New polling from Rasmussen shows that the media effort to demonize efforts to safeguard election integrity measures have failed and that a majority of all voters still consider it more important to protect the outcome of elections from fraud than it is to make it easier for individuals to cast ballots by eliminating such measures.
To underscore the significance of this point, a majority of those polled — including 30% of Democrat voters — believe fraudulent voting affected the outcome of the Presidential election in 2020.
The survey of 1,000 U.S. Likely Voters was conducted on April 11-12, 2021 by Rasmussen Reports. The margin of sampling error is +/- 3 percentage points with a 95% level of confidence.
Here are some of the data points from the Rasmussen report:
62% of all voters say voter ID laws don’t discriminate.
51% of voters believe it is likely that cheating affected the outcome of the 2020 presidential election — 35% say it’s Very Likely cheating affected the election.
74% of Republicans believe it is likely the 2020 presidential election was affected by cheating, and 30% of Democrats and 51% of unaffiliated voters hold the same view.
60% of Likely Voters say it’s more important to prevent cheating in future elections, while 37% say it’s more important to make it easier to vote.
22% of voters say it is currently too hard to vote, 34% say it’s too easy to vote, and 41% say the level of difficulty in voting is about right.
59% of white voters, 56% of black voters, and 63% of other minority voters say it is more important to make sure there is no cheating in elections than to make it easier to vote.
64% of white voters, 59% of black voters, and 58% of other minority voters believe voter ID laws are not discriminatory.
61% of Democrats say it is more important to make it easier to vote, while only 15% of Republicans and 34% of unaffiliated voters feel the same.

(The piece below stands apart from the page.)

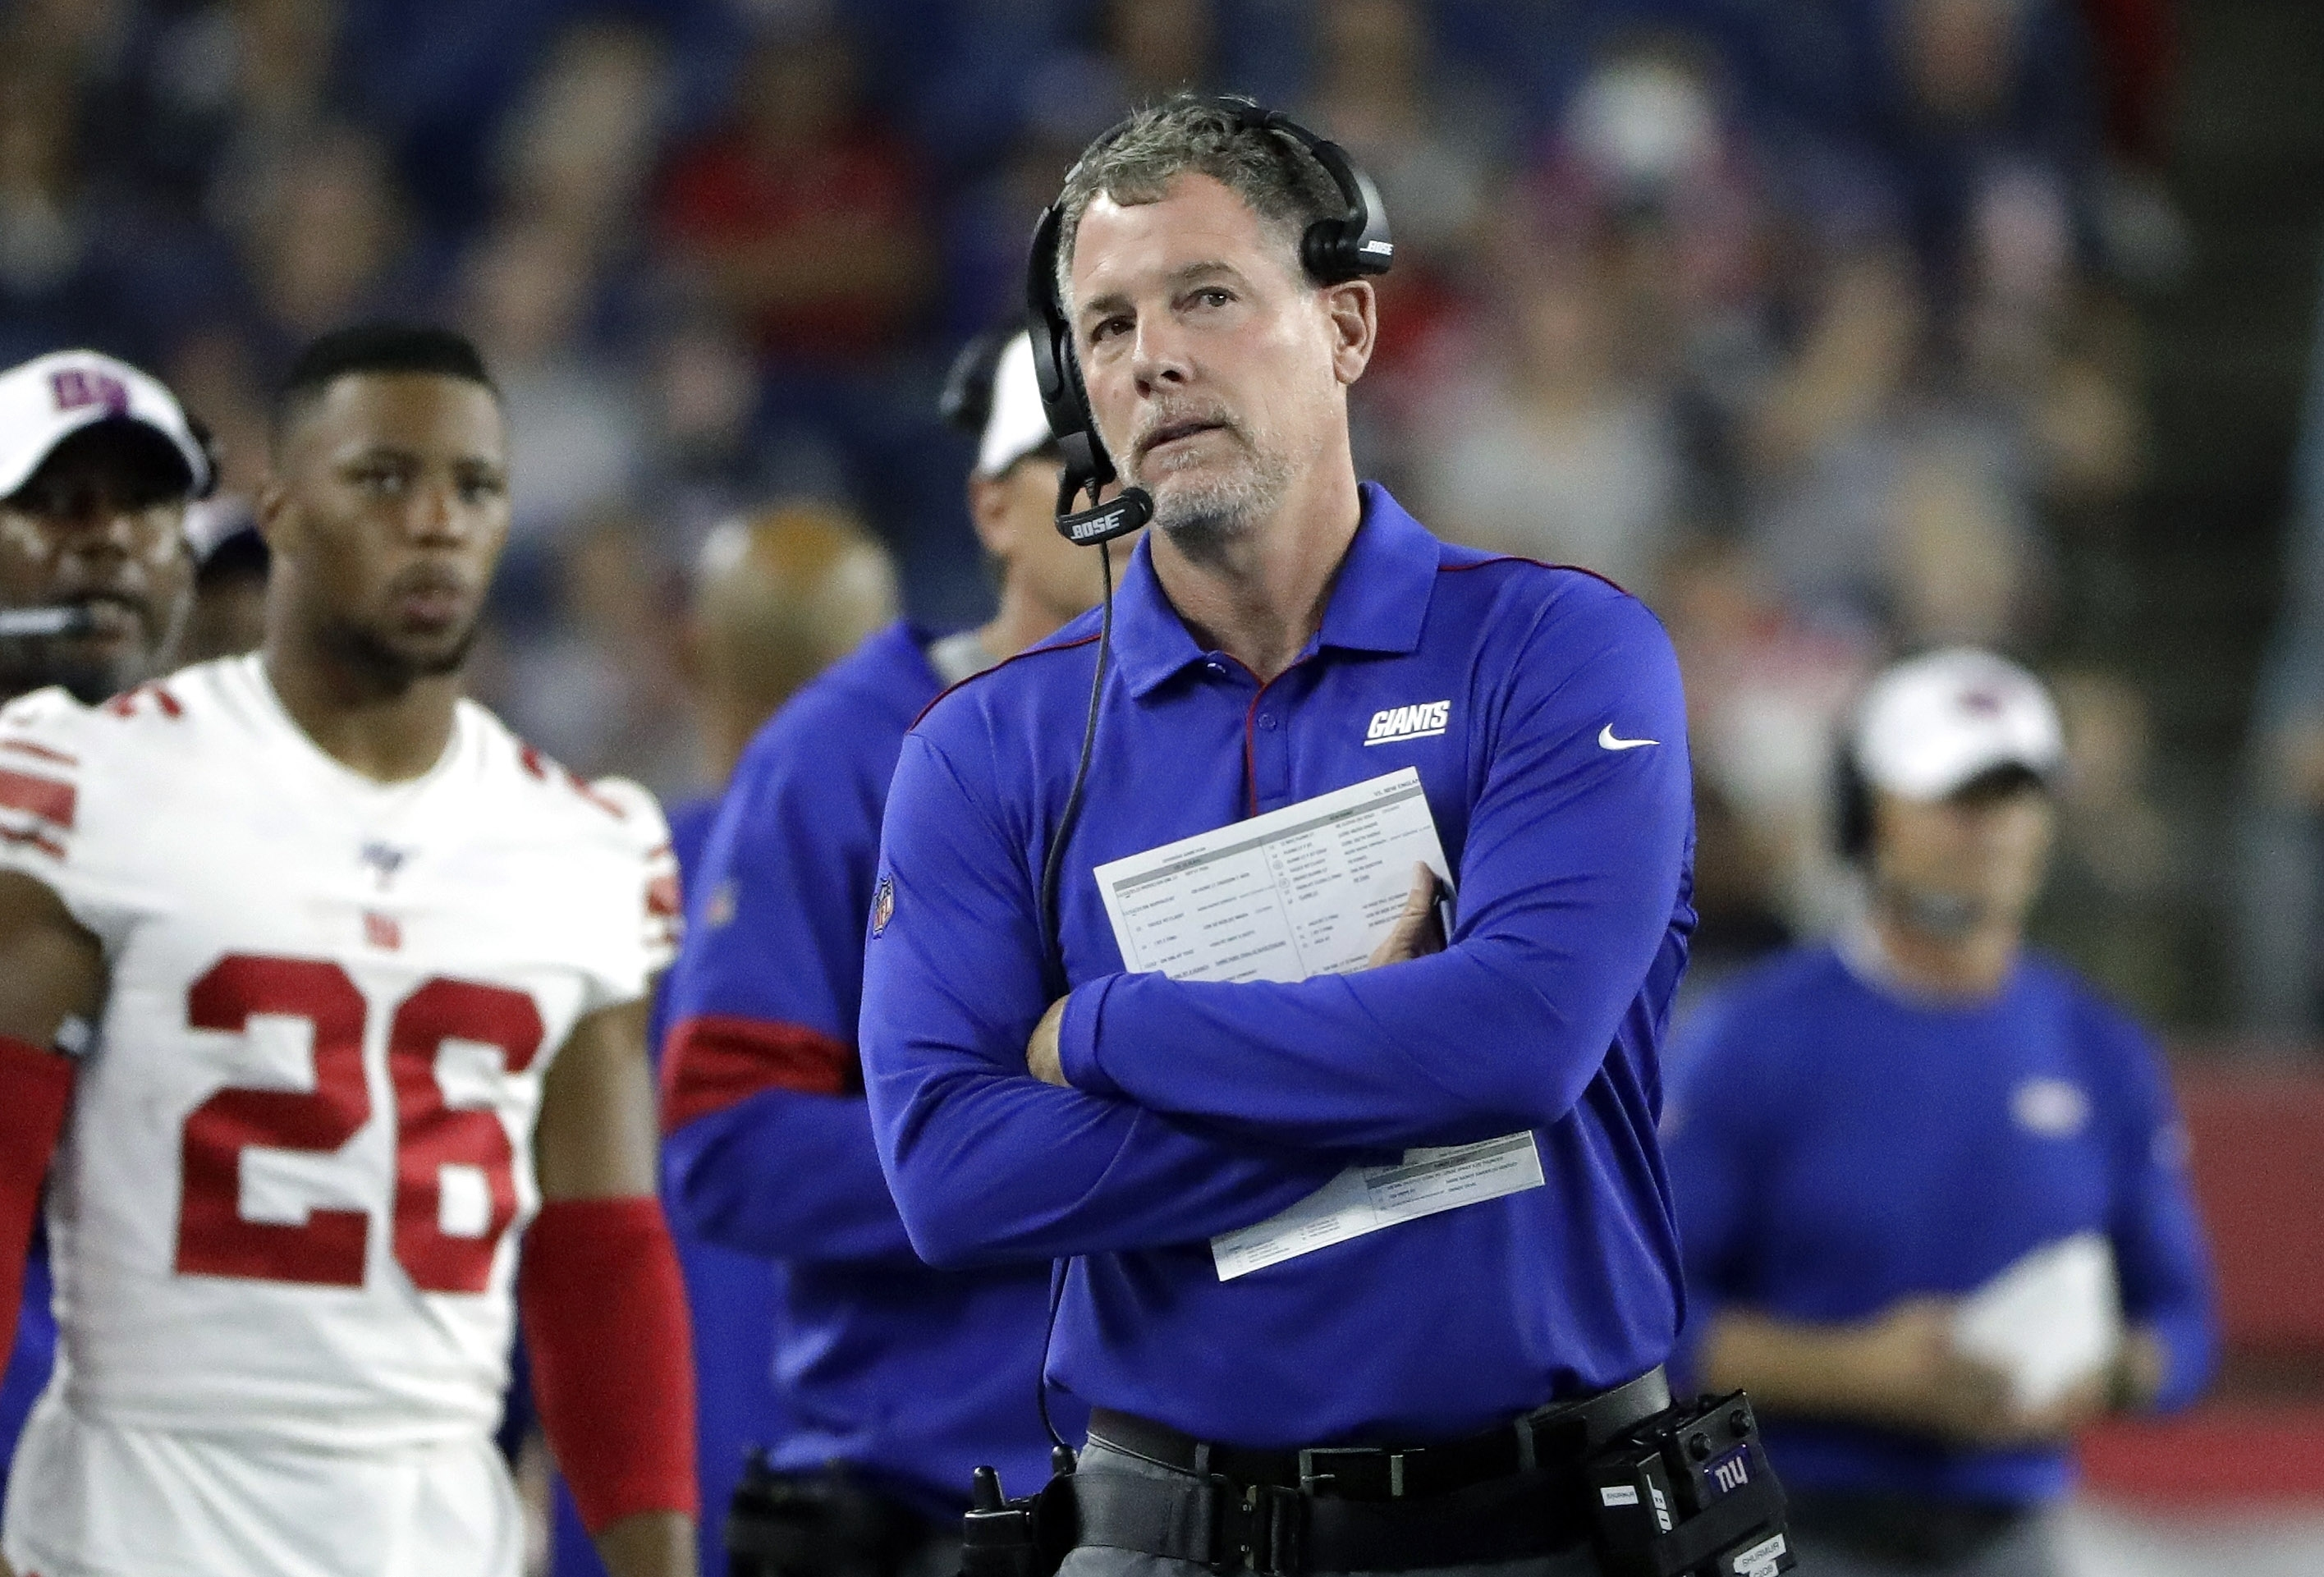 The New York Giants fired head coach Pat Shurmur after two seasons. (AP/Steven Senne)

Among voters who say it’s Very Likely that cheating affected the 2020 election outcome, 92% say it’s more important to prevent cheating than to make it easier to vote.
Among voters who “Strongly Approve” of Pres. Biden’s job performance to date, only 17% say it’s more important to make sure there is no cheating in elections than to make it easier to vote.

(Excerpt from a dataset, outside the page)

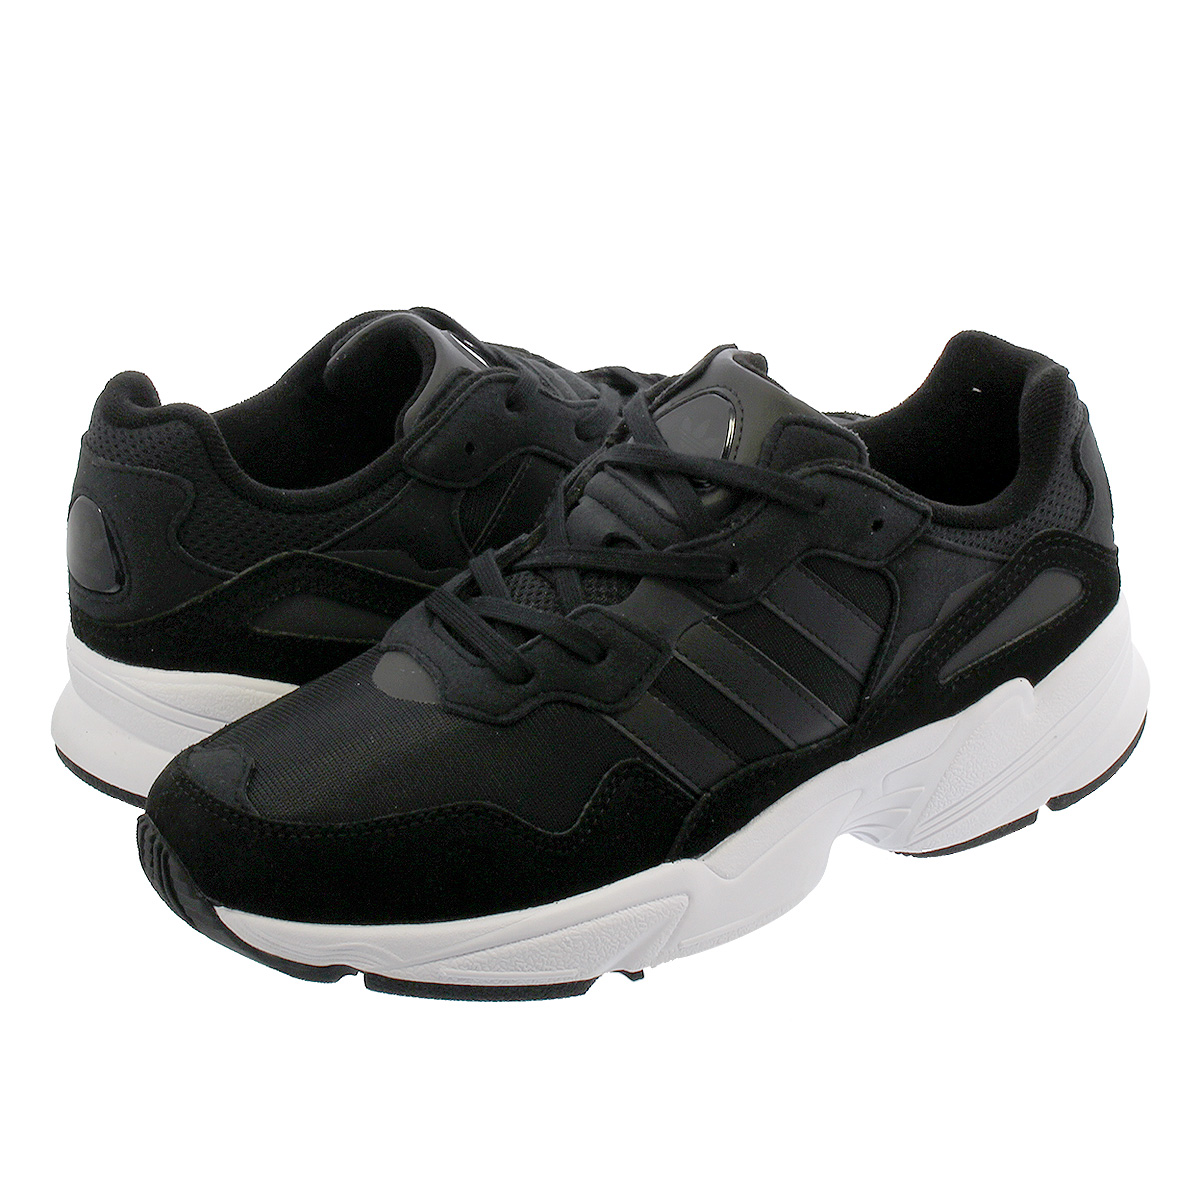 adidas YUNG-96 【adidas Originals】 アディダス ヤング 96 CORE BLACK/CORE BLACK/CRYSTAL WHITE ee3681

Voters who “Strongly Disapprove” of Biden’s performance, 79% say it’s more important to prevent cheating.
75% say requiring voters to show photo identification such as a driver’s license before being allowed to vote is necessary to “a fair and secure election process.”

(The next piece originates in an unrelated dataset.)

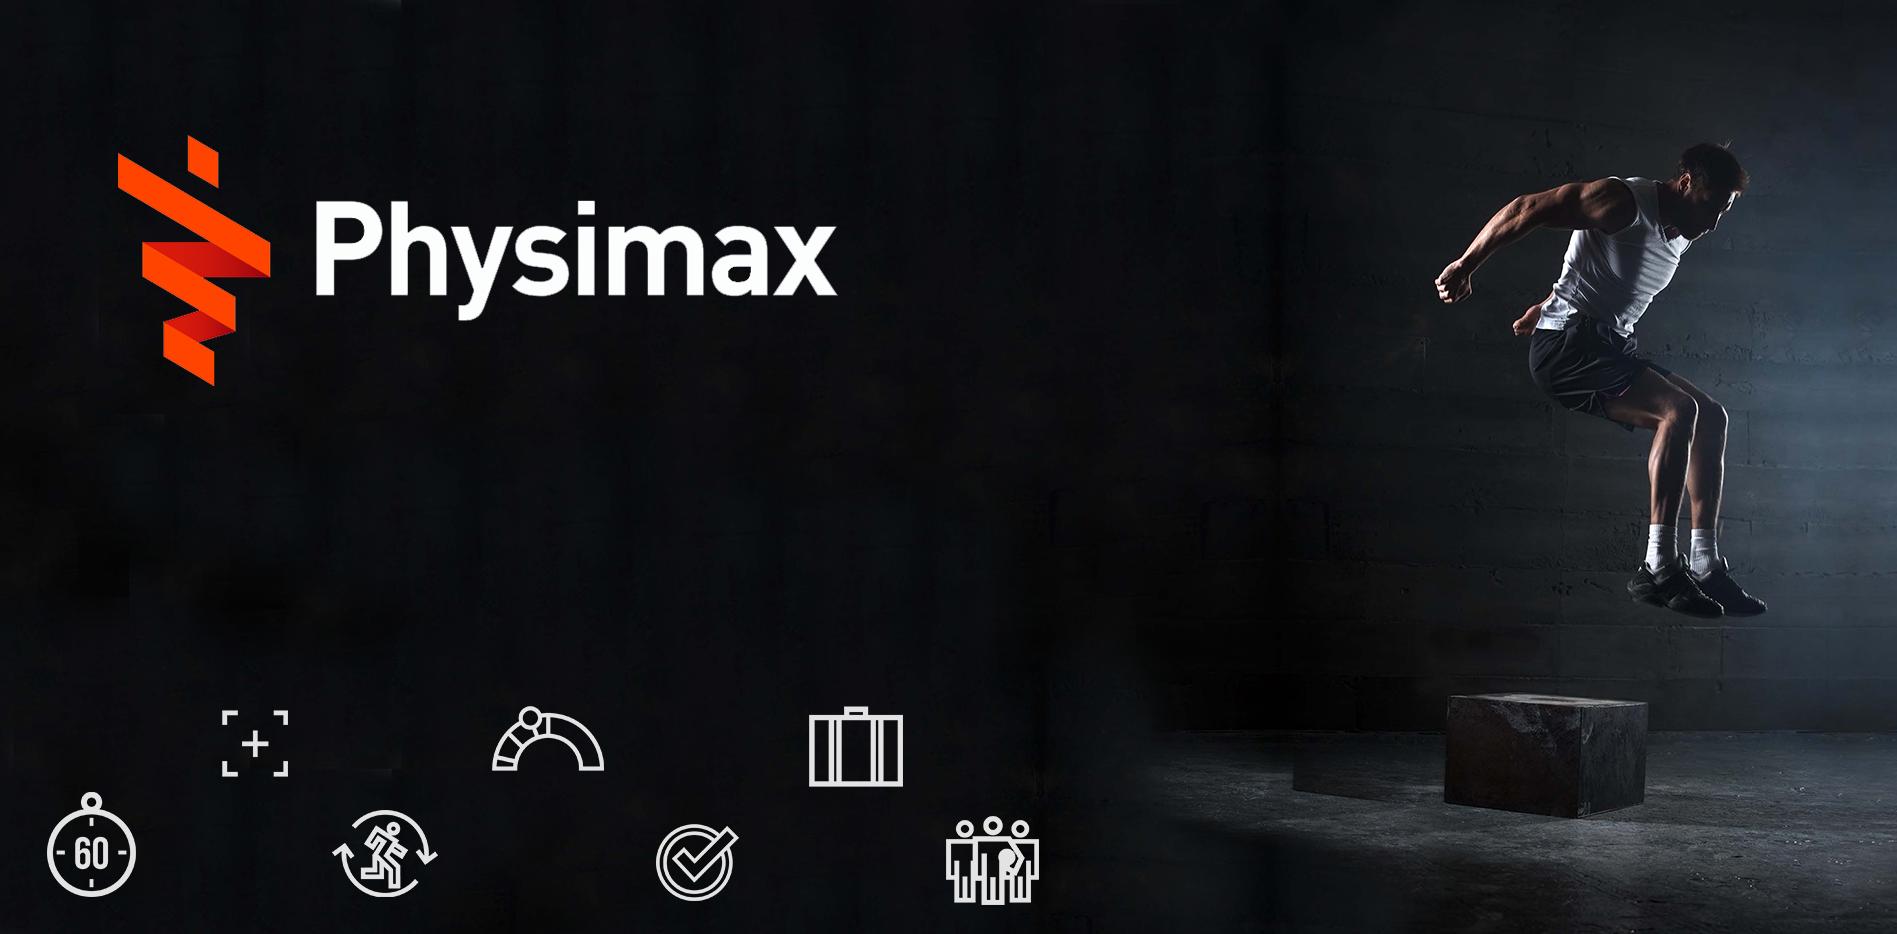 Physimax

The media and corporate America have waged a vociferous campaign to paint ballot integrity efforts as racist efforts to suppress minority voting, but the public sentiment continues to support the proposition that election outcomes need to be safeguarded from malign actors and third-party interest groups with partisan stakes in the outcome of vote counting.
The GOP needs to press forward with its efforts to roll back the expansion of the use of mail-in ballots. In most states where there was an expansion of such voting practices ahead of the 2020 election, the justification for doing so was tied to the COVID-19 pandemic, and the perceived need to eliminate polling stations as potential high-risk locations for the spread of infection.
With declining infection rates, increasing vaccination rates, and the expectation that some level of “herd immunity” will be reached by 2022, the emergency basis for having expanded the use of mail-in balloting will largely fade from view.
Democrats rally around the word “disenfranchisement” when any effort is made to provide a level of protection for the ballot integrity through the imposition of measures designed to ensure that only lawful and legitimate ballots are cast.
But I will close with what I have long held to be the most salient point on the issue of “disenfranchisement:”
Every invalid or unlawful ballot that is counted cancels out — disenfranchises — the lawful voter who cast his/her votes for the other candidate in the race.
That is real disenfranchisement that needs to be prevented, not hypothetical disenfranchisement that exists mostly in the minds of hyper-partisans.